This month, Laura Sydell ’83, former digital culture correspondent for National Public Radio, will discuss her new work in progress, a solo theatre piece at the Bay Area performance space The Marsh.
In a new theater piece, Red Meat for the Alt. Right, Laura Sydell ’83, who served as digital culture correspondent for National Public Radio for more than 16 years, explores truth, facts and her experiences “reporting on the transformation of human society by computers — an experiment in which most of us are guinea pigs.”
On Thursday, Feb. 18, Sydell will discuss the piece with Stephanie A. Weisman, founder and artistic/executive director of The Marsh, an arts and performance hub based in the San Francisco Bay Area.
Inspired by a story she reported for NPR’s All Things Considered, Red Meat for the Alt. Right draws on Sydell’s experience investigating the proliferation of fake news. “I’m using theatre as a way to have a conversation about what I saw reporting on the technology revolution that I couldn’t discuss using the traditional forms of journalism,” Sydell explains.
While it is a work of art, not journalism, the piece “journeys into the world where disinformation is created and conspiracy theories are fed” as it attempts to reckon with the “contradictory emotional truths that live right next to the facts,” as The Marsh describes.

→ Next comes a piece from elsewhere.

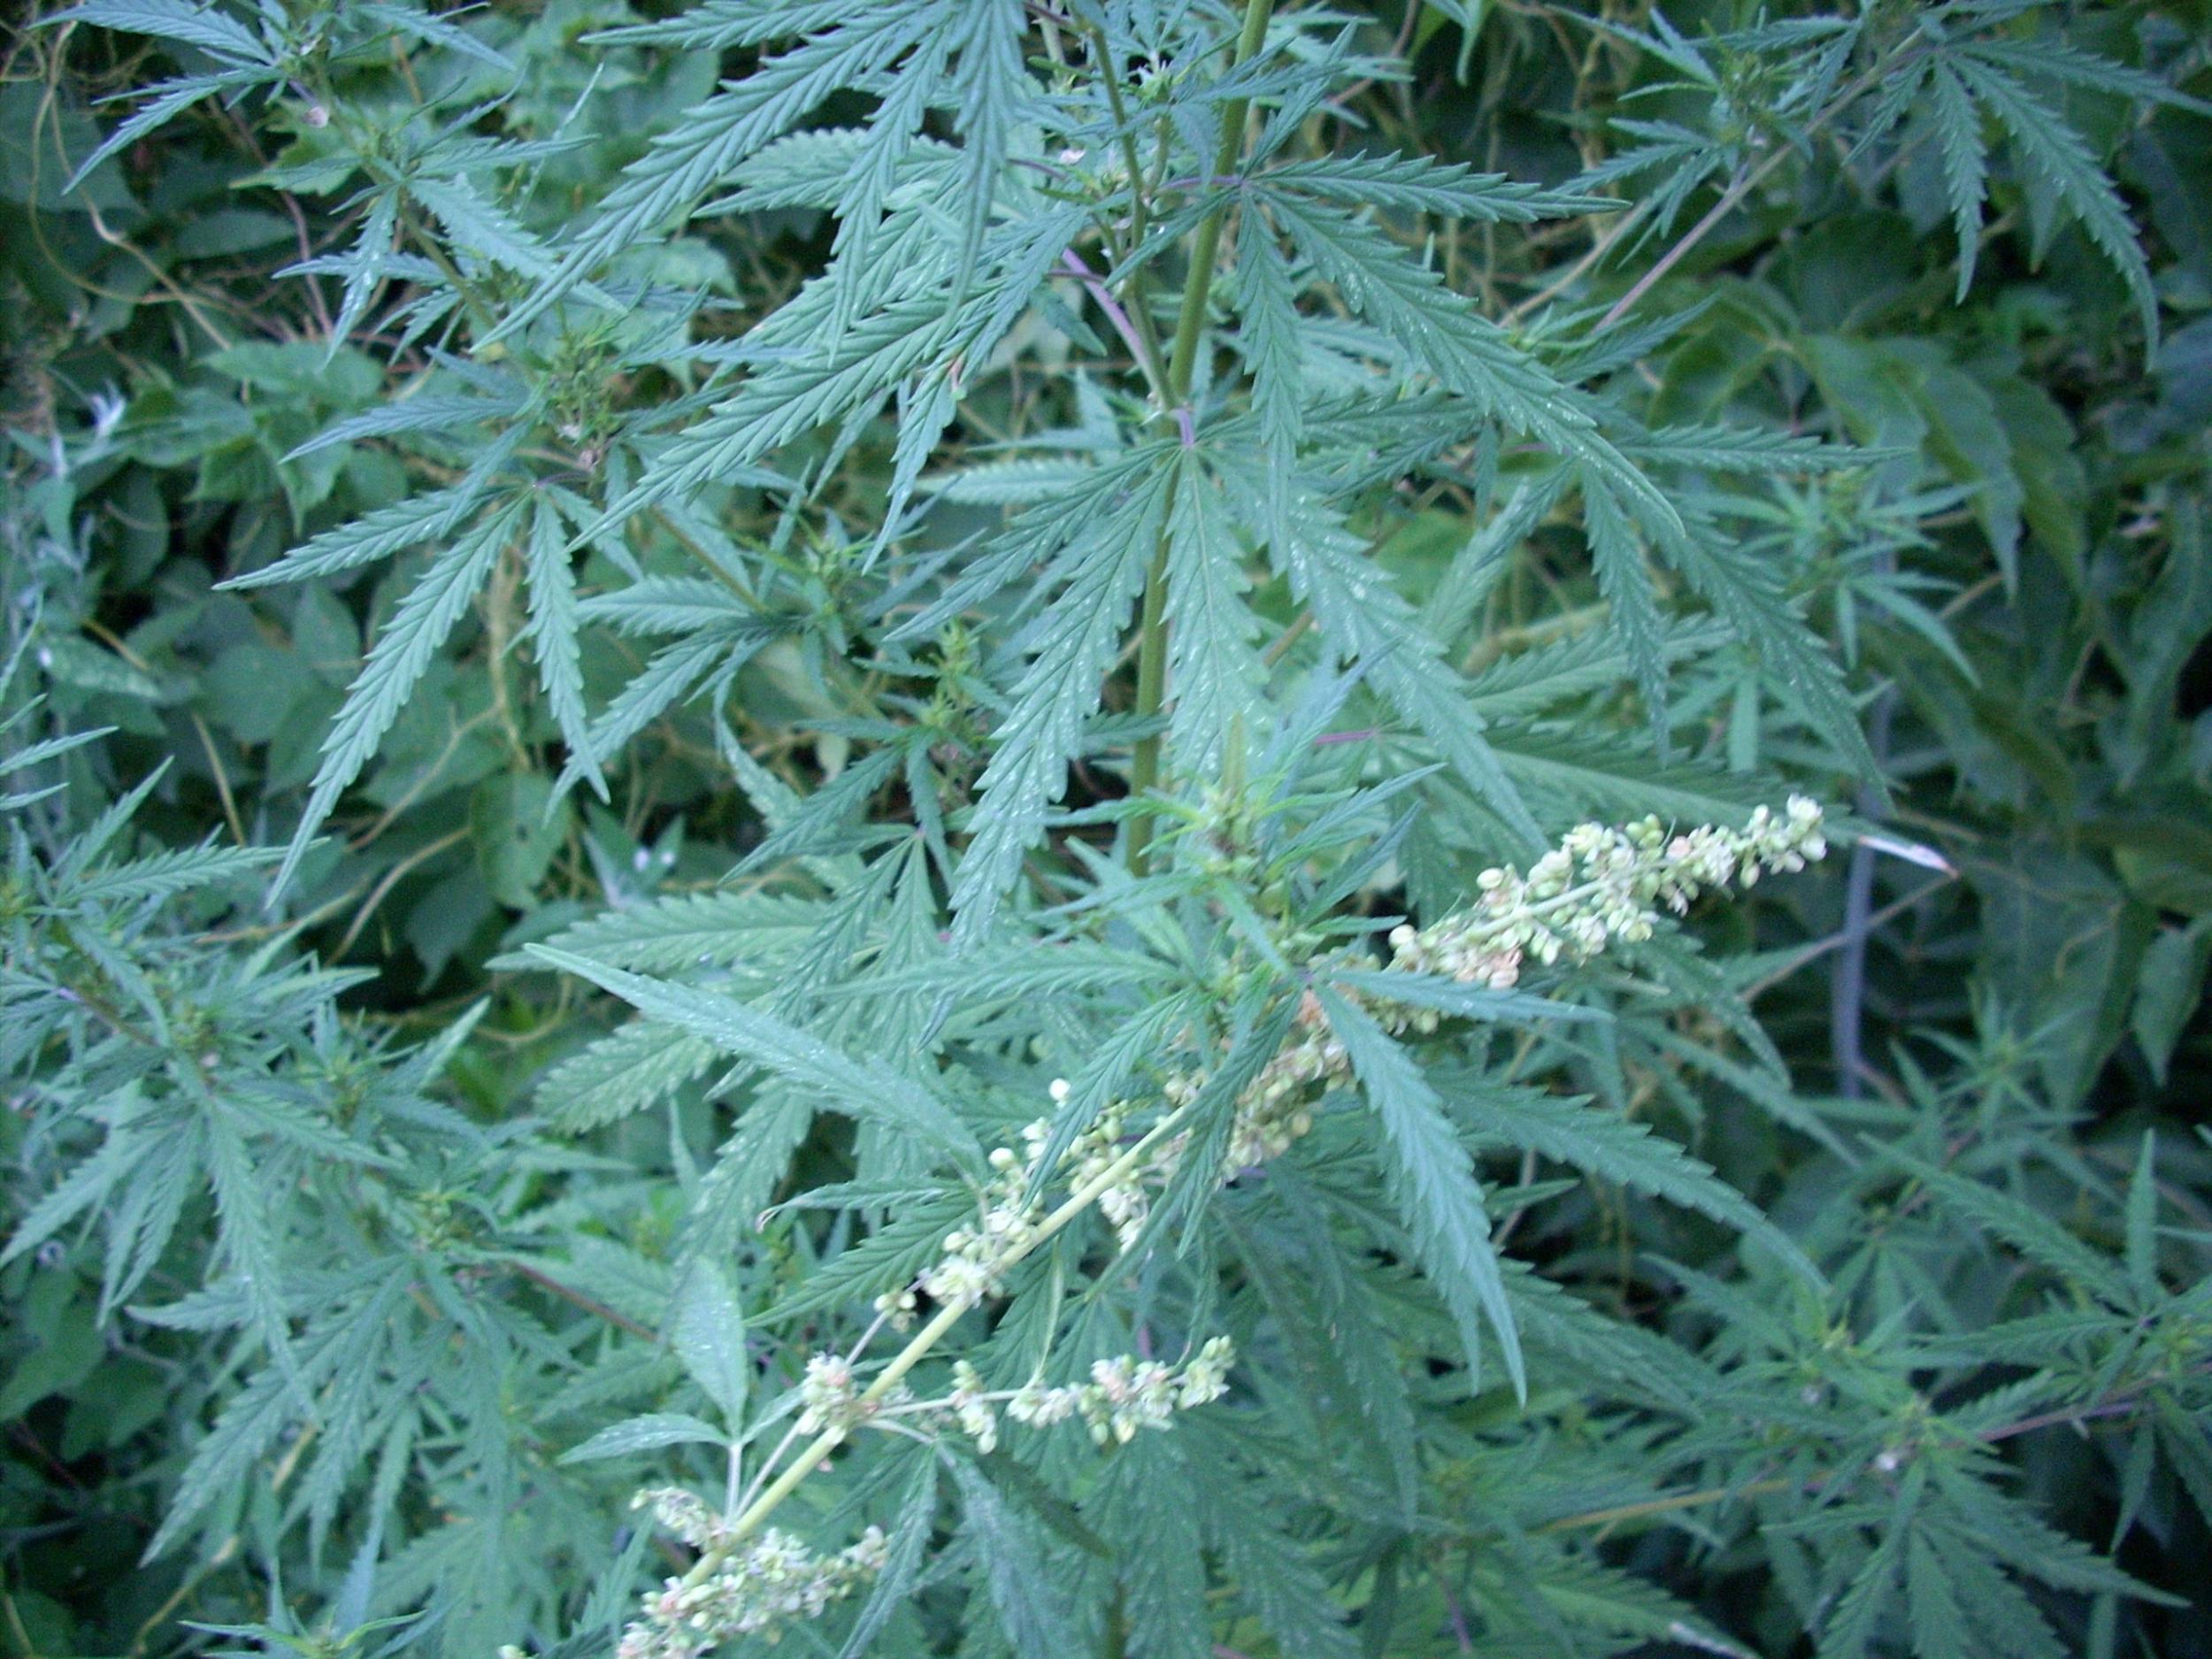 Cannabis plants were cultivated in east Asia for their oily seeds and fibres from at least 4000BC

Sydell’s work — including appearances on All Things Considered, Morning Edition, Weekend Edition, and NPR.org — focuses on the ways in which technology is transforming our culture and how we live. In 2016, her investigation of the origins of a fake news story led her to the doorstep of a fake news godfather who was running a small publishing empire out of his home in Southern California. Her report won a National Headliner Award and was nominated for a Mirror award by Syracuse University.

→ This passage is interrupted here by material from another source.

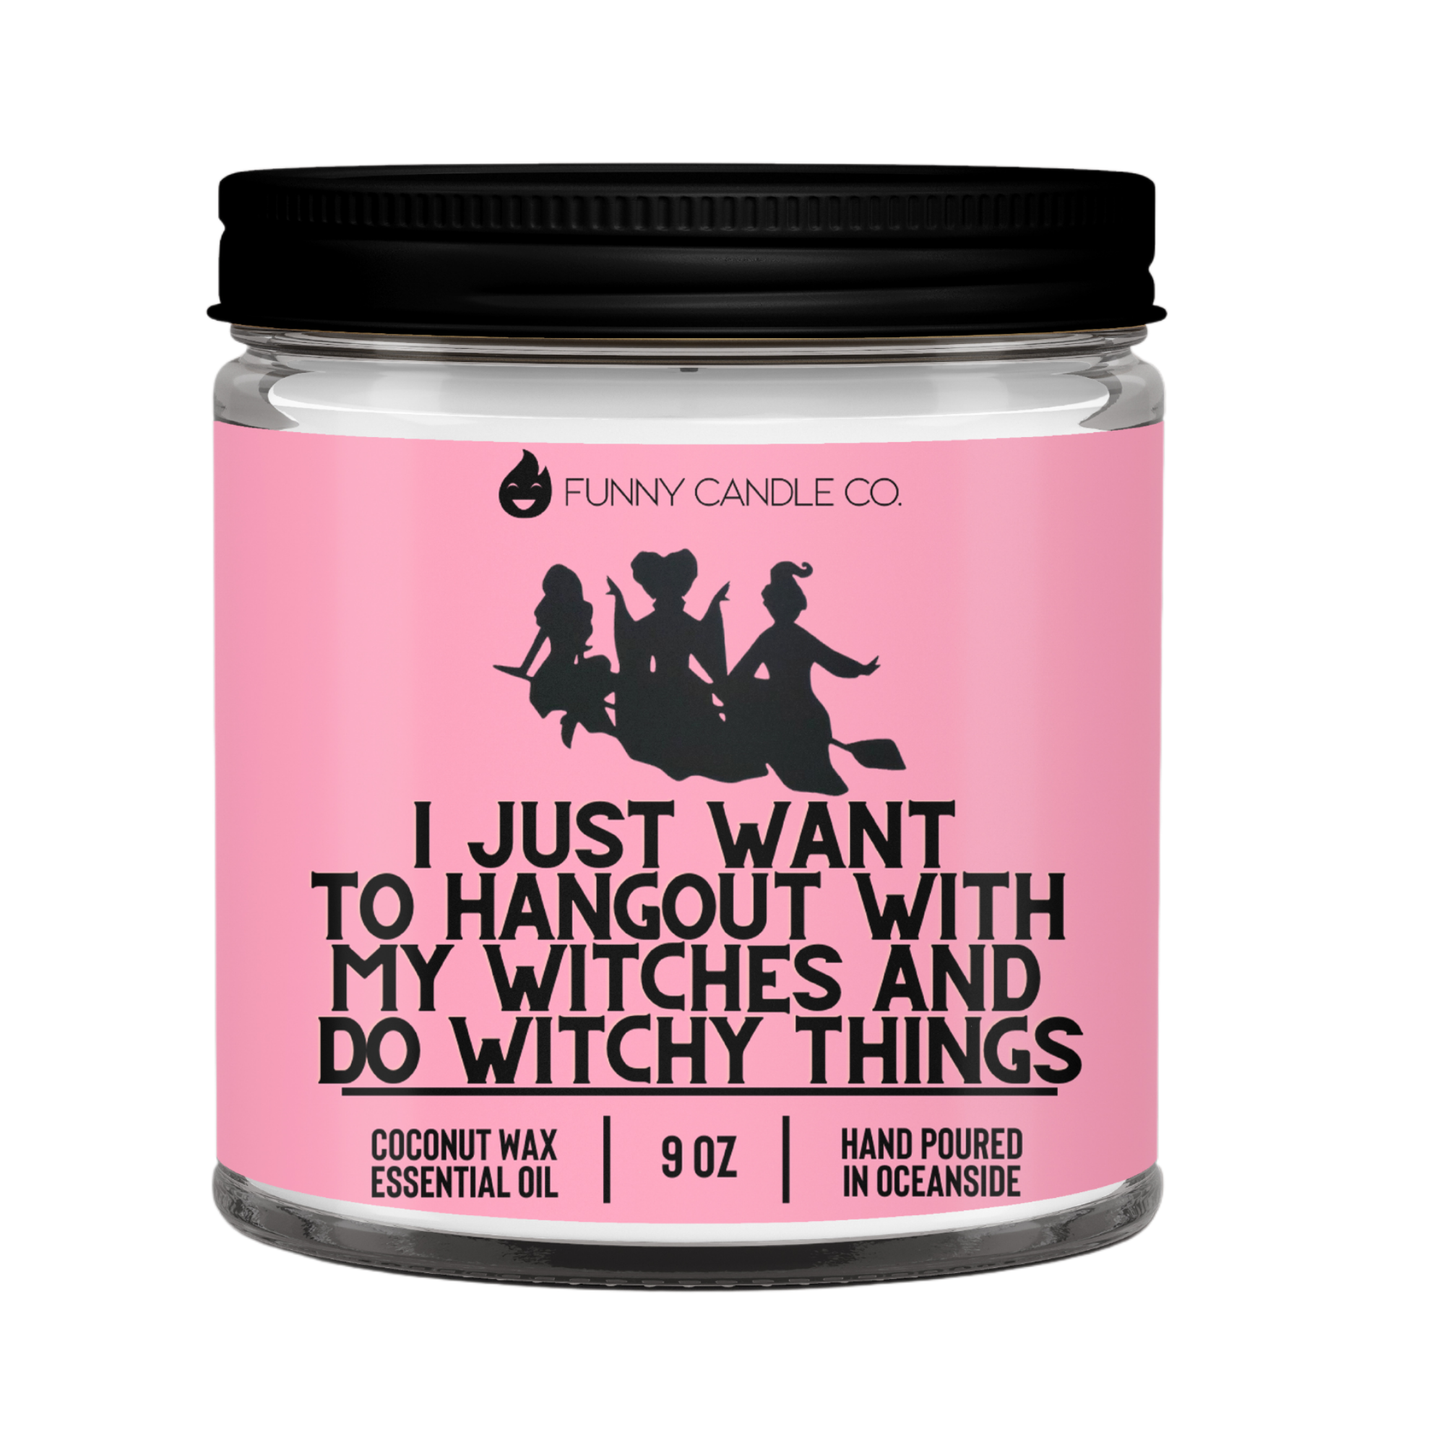 I Just Want To Hangout With My Witches (dark pink)- 9 oz

Sydell fell in love with the intimate storytelling qualities of radio, which combined her passion for theatre and writing with her addiction to news. Over her career she has covered politics, arts, media, religion and entrepreneurship. She has traveled through India and China to look at the impact of technology on developing nations. In China, she reported on how American television programs like Lost broke past China’s censors and found a devoted following among the emerging Chinese middle class. She found in India that cell phones are the computers of the masses.
In 2011, Sydell teamed with Alex Bloomberg of NPR’s Planet Money team and reported on the impact of patent trolls on business and innovations particular to the tech world. The results were a series of pieces that appeared on This American Life and All Things Considered. The hour-long program on This American Life – “When Patents Attack! – Part 1” – was honored with a Gerald Loeb Award and accolades from Investigative Reporters and Editors. A transcript of the entire show was included in The Best Business Writing of 2011 published by Columbia University Press.
Her reporting on race relations, city politics and arts was honored with numerous awards from organizations such as The Newswomen’s Club of New York, The New York Press Club and The Society of Professional Journalists. American Women in Radio and Television, The National Federation of Community Broadcasters and Women in Communications have all honored Sydell for her long-form radio documentary work focused on individuals whose life experiences turned them into activists.
Before joining NPR in 2003, Sydell served as a senior technology reporter for Public Radio International’s Marketplace, where her reporting focused on the human impact of new technologies and the personalities behind the Silicon Valley boom and bust.
Sydell graduated magna cum laude with a bachelor’s degree from William Smith, and earned a J.D. from Yeshiva University’s Cardozo School of Law. After finishing a one-year fellowship with the National Arts Journalism Program at Columbia University, she served as a teaching fellow at the Graduate School of Journalism at University of California, Berkeley.
In 2017, she delivered the HWS Convocation address and received the William Smith Alumna Achievement Award.